UK Coal has failed in its High Court bid to overturn the North Warwickshire local plan, which did not earmark a former colliery site for residential development.


Wyn Williams J has rejected UK Coal’s claim that North Warwickshire Borough Council had failed to give adequate reasons for not including the site and had thereby caused it “genuine and substantial prejudice”.


In 2004, during the course of an inquiry into a draft local plan for North Warwickshire, UK Coal registered an objection in respect Orchard Colliery, which was within the settlement limits of the plan, but which had not been allocated for residential development.


In August 2005, the inspector conducting the inquiry for the council recommended that the site was suitable for development given the shortfall in residential housing.


However, the council rejected the inspector’s recommendation on that point, stating that the shortfall was inconsequential and insignificant.

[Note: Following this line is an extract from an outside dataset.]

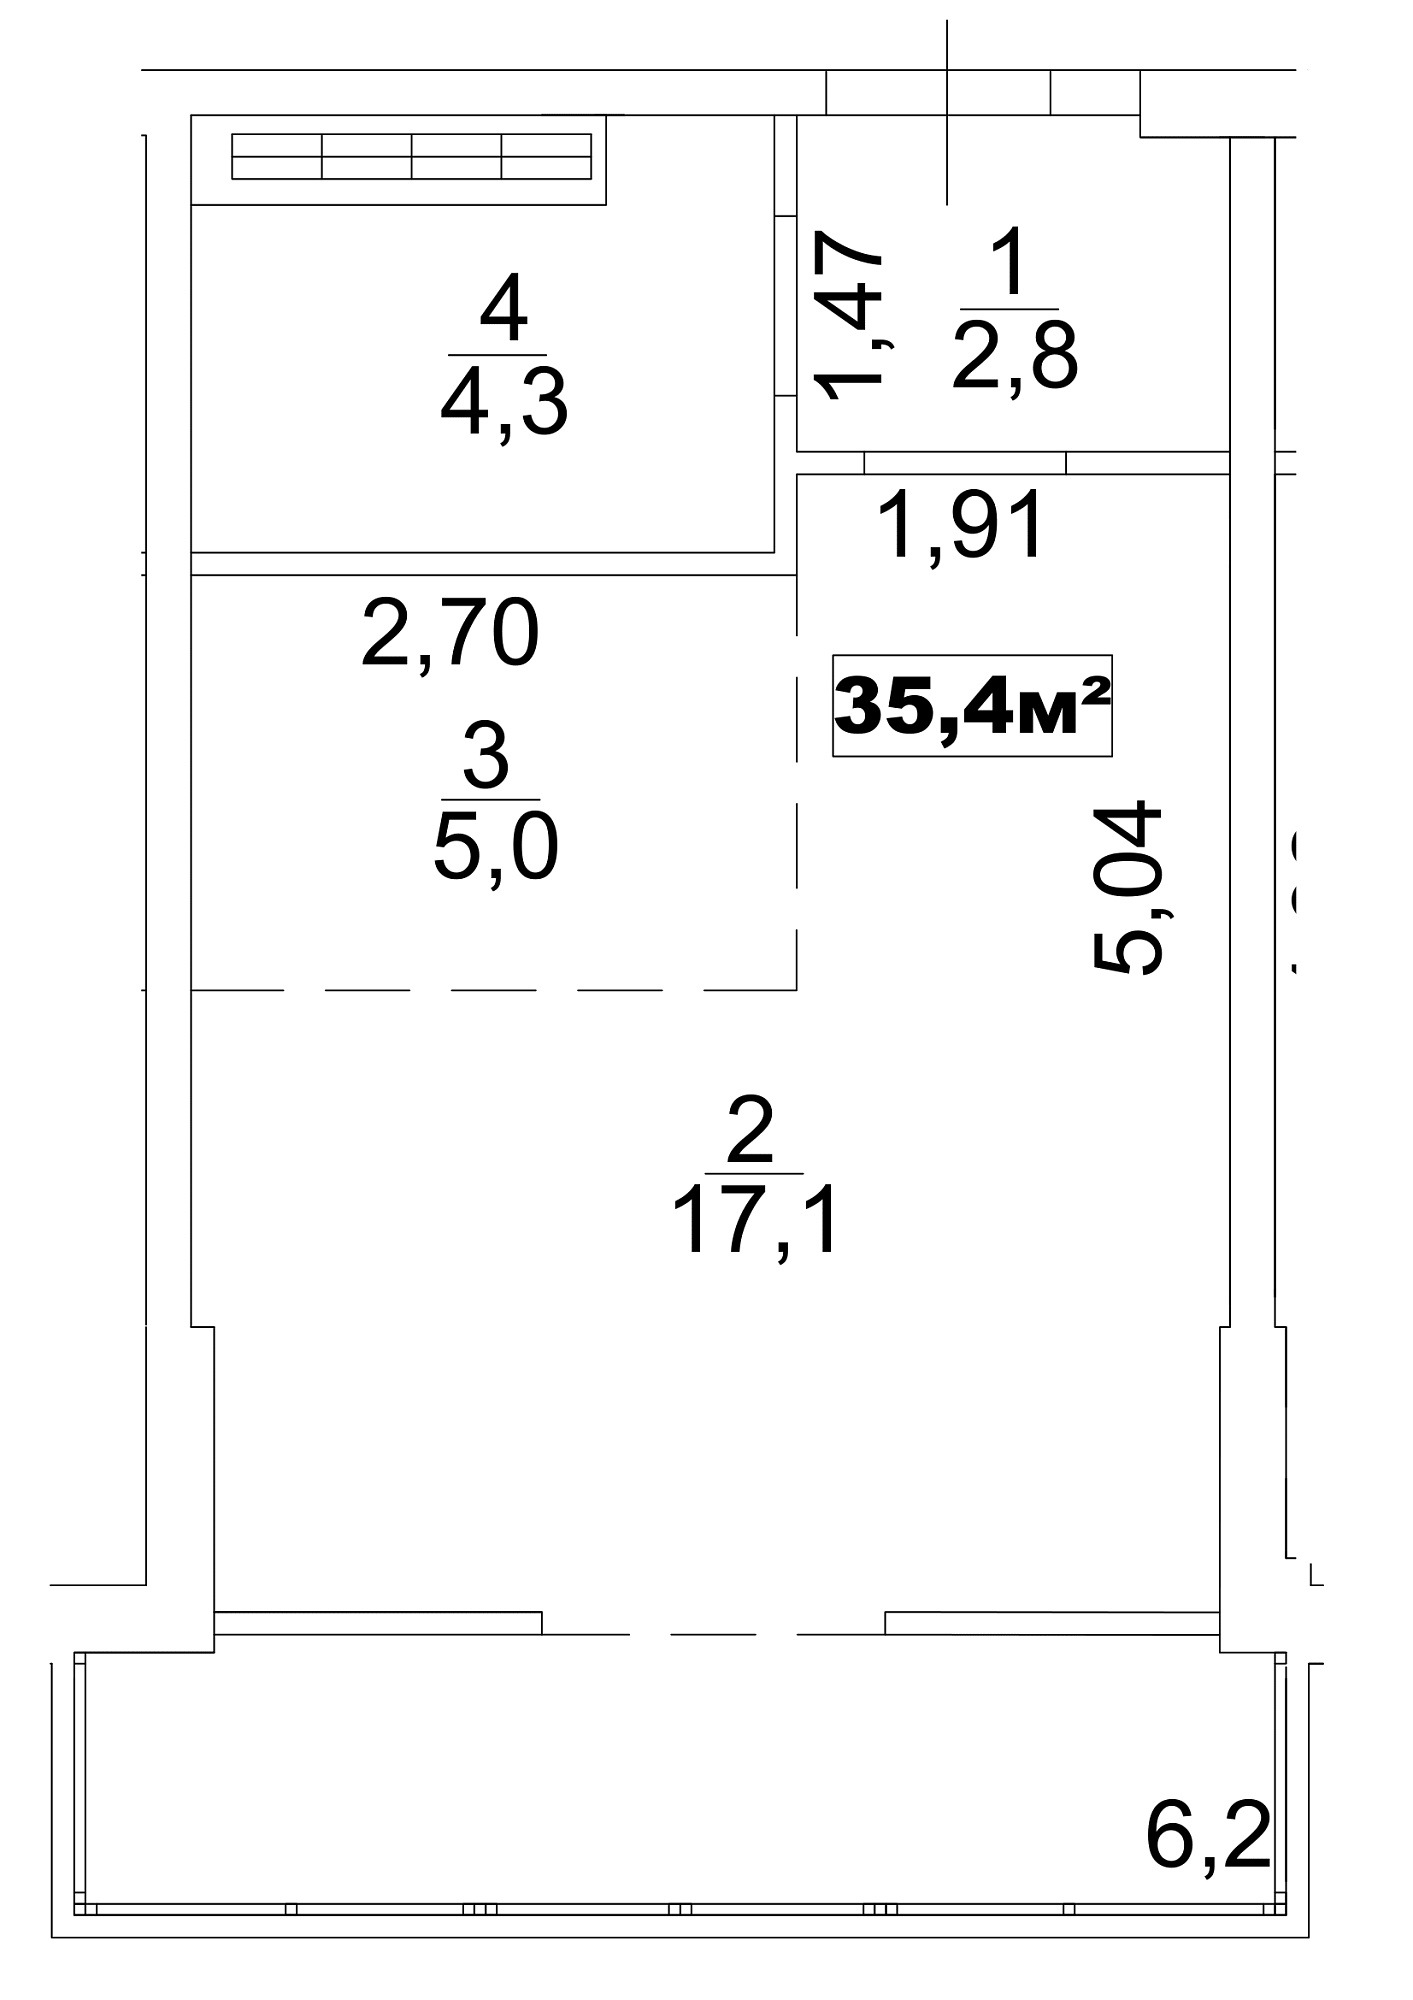 Планування Smart-квартира площею 35.4м2, AB-13-05/0034б.
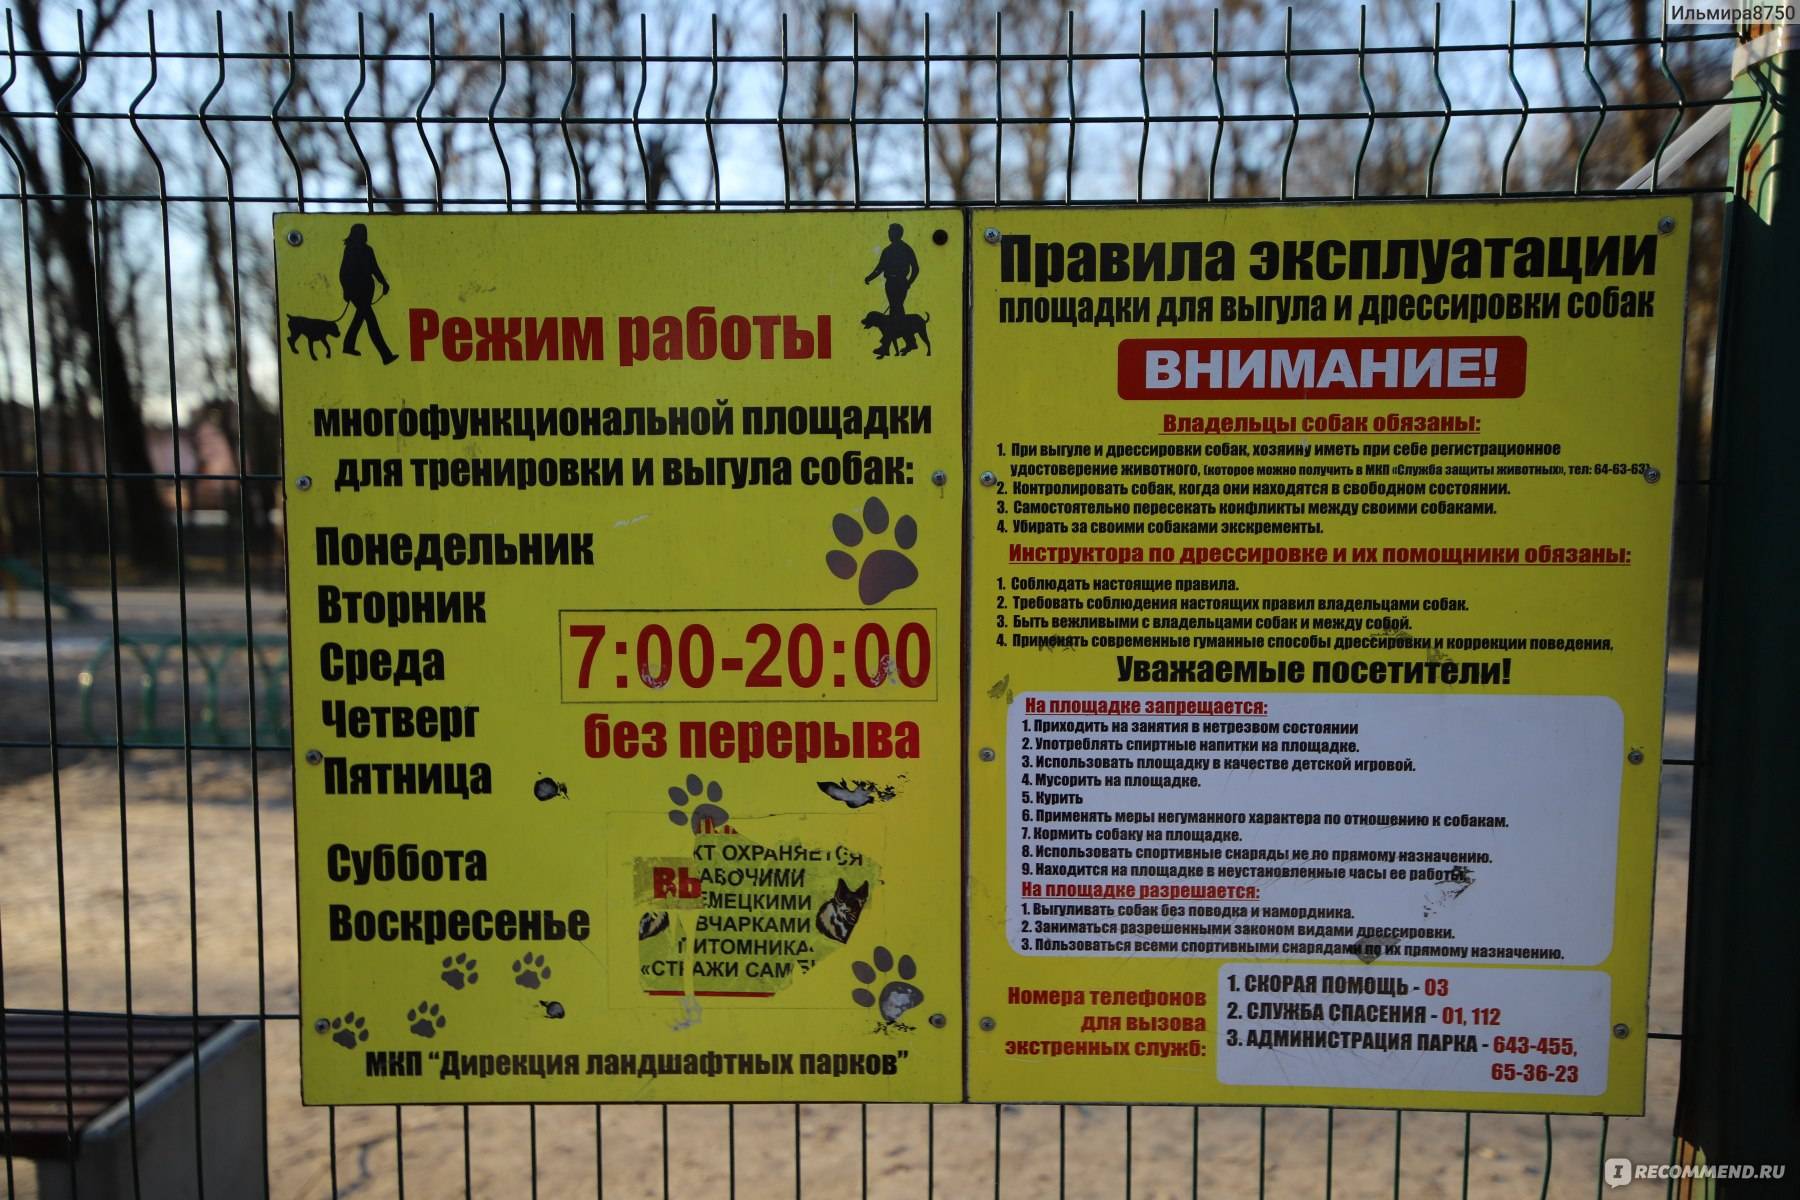 Закон о выгуле собак в 2021 году: правила в россии, штрафы в неположенных местах

In July 2006, the council adopted the North Warwickshire local plan and UK Coal applied to the High Court to quash those parts of the plan that omitted its site from residential development.


It submitted that the council had erred in law by not giving adequate reasons for the rejection of the inspector’s recommendation.


Dismissing the application, Wyn Williams J held that although the council had not given adequate reasons for its rejection, that failure had not caused UK Coal “genuine and substantial prejudice”.


UK Coal Mining Ltd v North Warwickshire Borough Council Administrative Court


(Wyn Williams J) 17 January 2008


John Hobson QC and Andrew Fraser-Urquhart (instructed by Nabarro Nathanson, of Sheffield) appeared for the claimant; Ian Dove QC and Jenny Wigley (instructed by the legal department of North Warwickshire Borough Council) appeared for the defendant.